After finishing Secret Thoughts (Butterfield’s memoirs of her conversion from godlessness to Christianity), I pretty quickly ordered this second book on Christian hospitality. Both books discuss Butterfied’s former life as an unbeliever, a lesbian, and a champion for LGBTQ rights, and while much of the material overlaps in the books, her focus shifts.

In Secret Thoughts, she traces her path from sheer angst towards Christianity to surprise, curiosity, and interest—ultimately ending in acceptance and repentance. Following all of that is the sudden intolerance she felt from friends in her former LGBTQ community and the acceptance she found in her new faith community.

In Housekey, she adjusts her focus. Rather than emphasizing her own thoughts and feelings about how others view and treat her, she instead focuses on her own view and treatment of others, no matter what they think and feel about her. Involving her family and church community in this selfless lifestyle, she dubs their approach “radically ordinary hospitality.” This book describes their paradigm and biblical justification, as well as candid descriptions of their victories, defeats, methods, and safeguards.

In her Preface, Butterfield describes what she means by “radically ordinary hospitality”:

Radically ordinary hospitality – those who live it see strangers as neighbors and neighbors as family of God. …Those who live out radically ordinary hospitality see their homes not as theirs at all but as God’s gift to use for the furtherance of his kingdom. …Radically ordinary hospitality means that hosts are not embarrassed to receive help, and guests know that their help is needed…Host and guest are permeable roles. (11-12)
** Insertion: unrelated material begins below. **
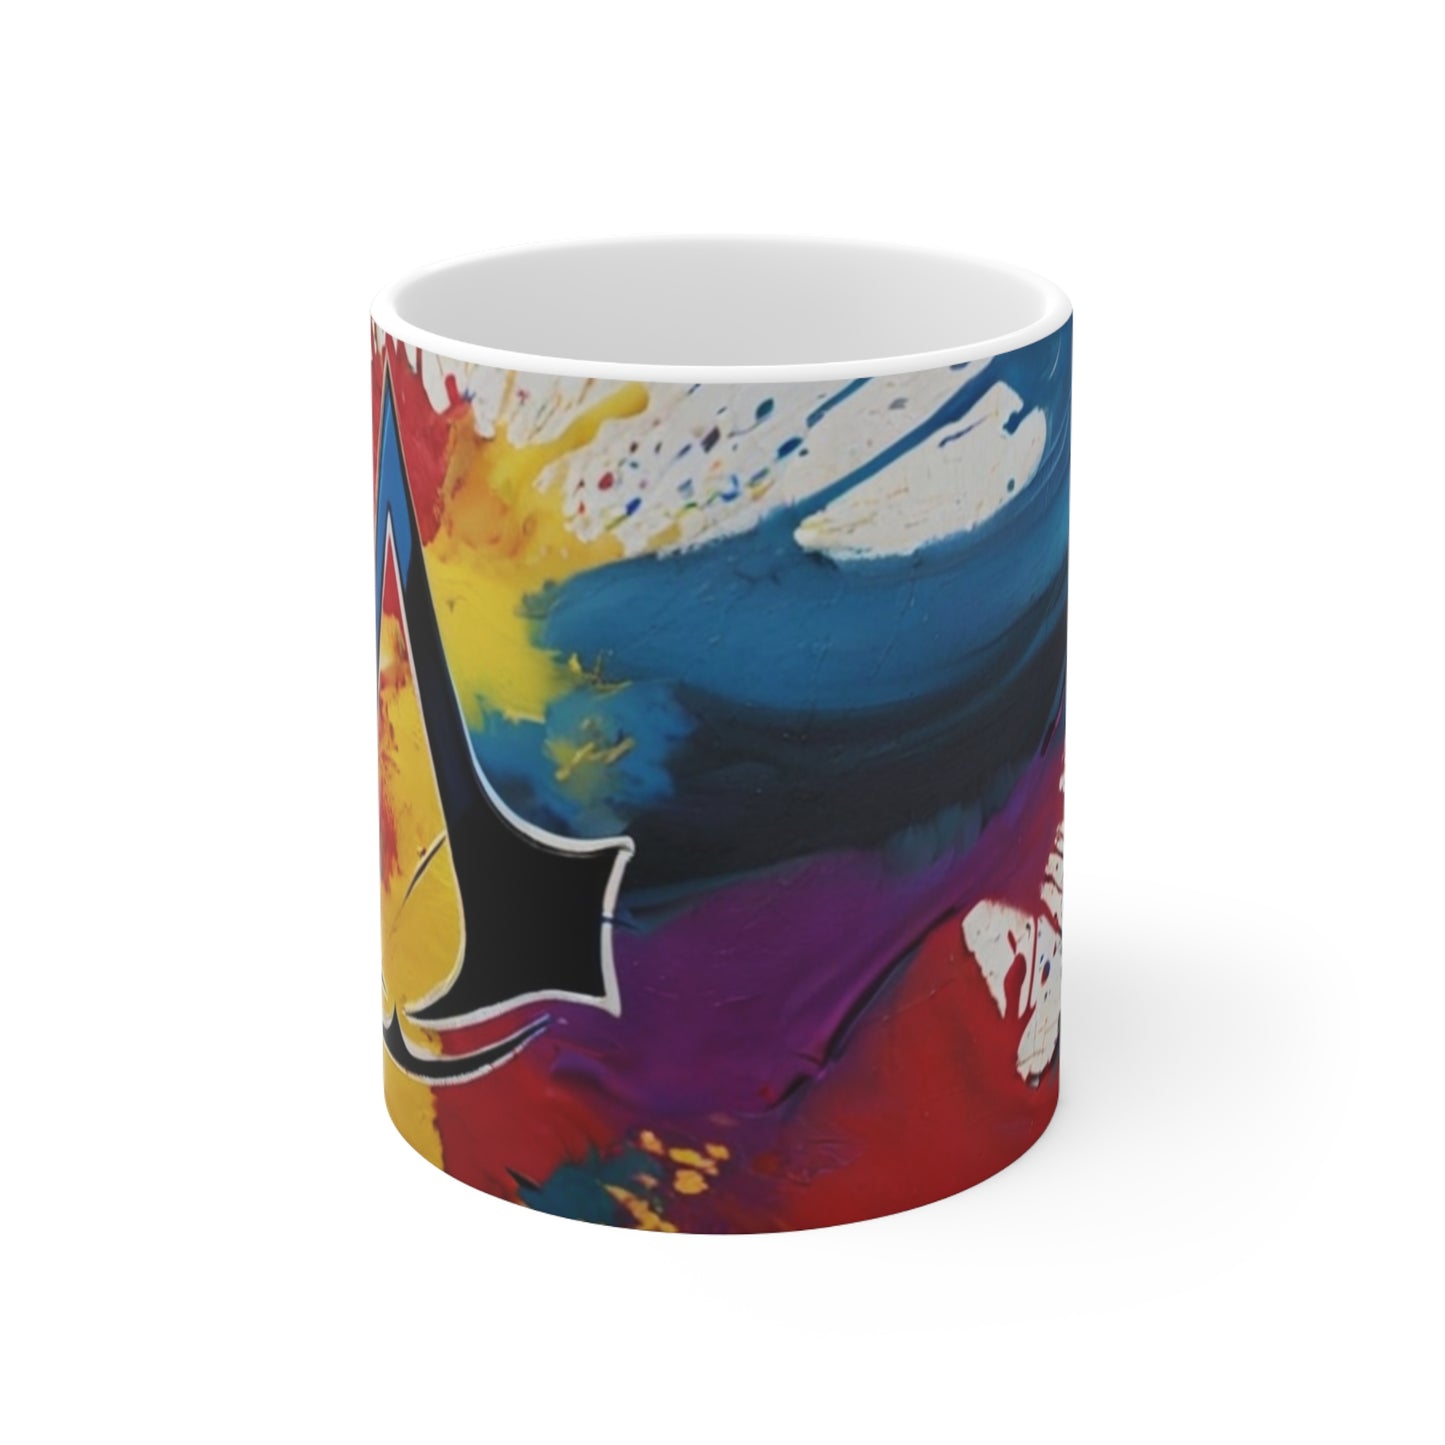 Assassin's Creed Logo Symbol, Messy Paint Splatter Mug - Ceramic Coffee Mug 11oz

The chapters progress through her family’s own experiences in their little NC community. Her husband is a pastor. She’s a home-school mom. The neighborhood kids (and their parents) know that their home is always open for playtime and snacks. The neighbors—even the secretive guy across the way—have open invitations to their home for dinners and front-yard BBQs. The family is avidly involved in just one social-media app, NextDoor, which keeps them in touch with people they can still see in person every day.

Peppered throughout these stories is Butterfields biblical explanations for why this lifestyle oughtn’t be as unique as it sounds, simply because this is the lifestyle which Jesus led and to which all of his followers are called. She writes of the Gospel-focused nature of such hospitality:

Here is the big difference [between her approach and the social-gospel practices of liberal churches and non-Christian mercy communities]: radically ordinary hospitality practiced by biblical Christians views struggling people as image bearers of a holy God, needing faith in Christ alone, belief in Jesus the rescuer of his people, repentance of sin, and covenant family within the church. (32-33)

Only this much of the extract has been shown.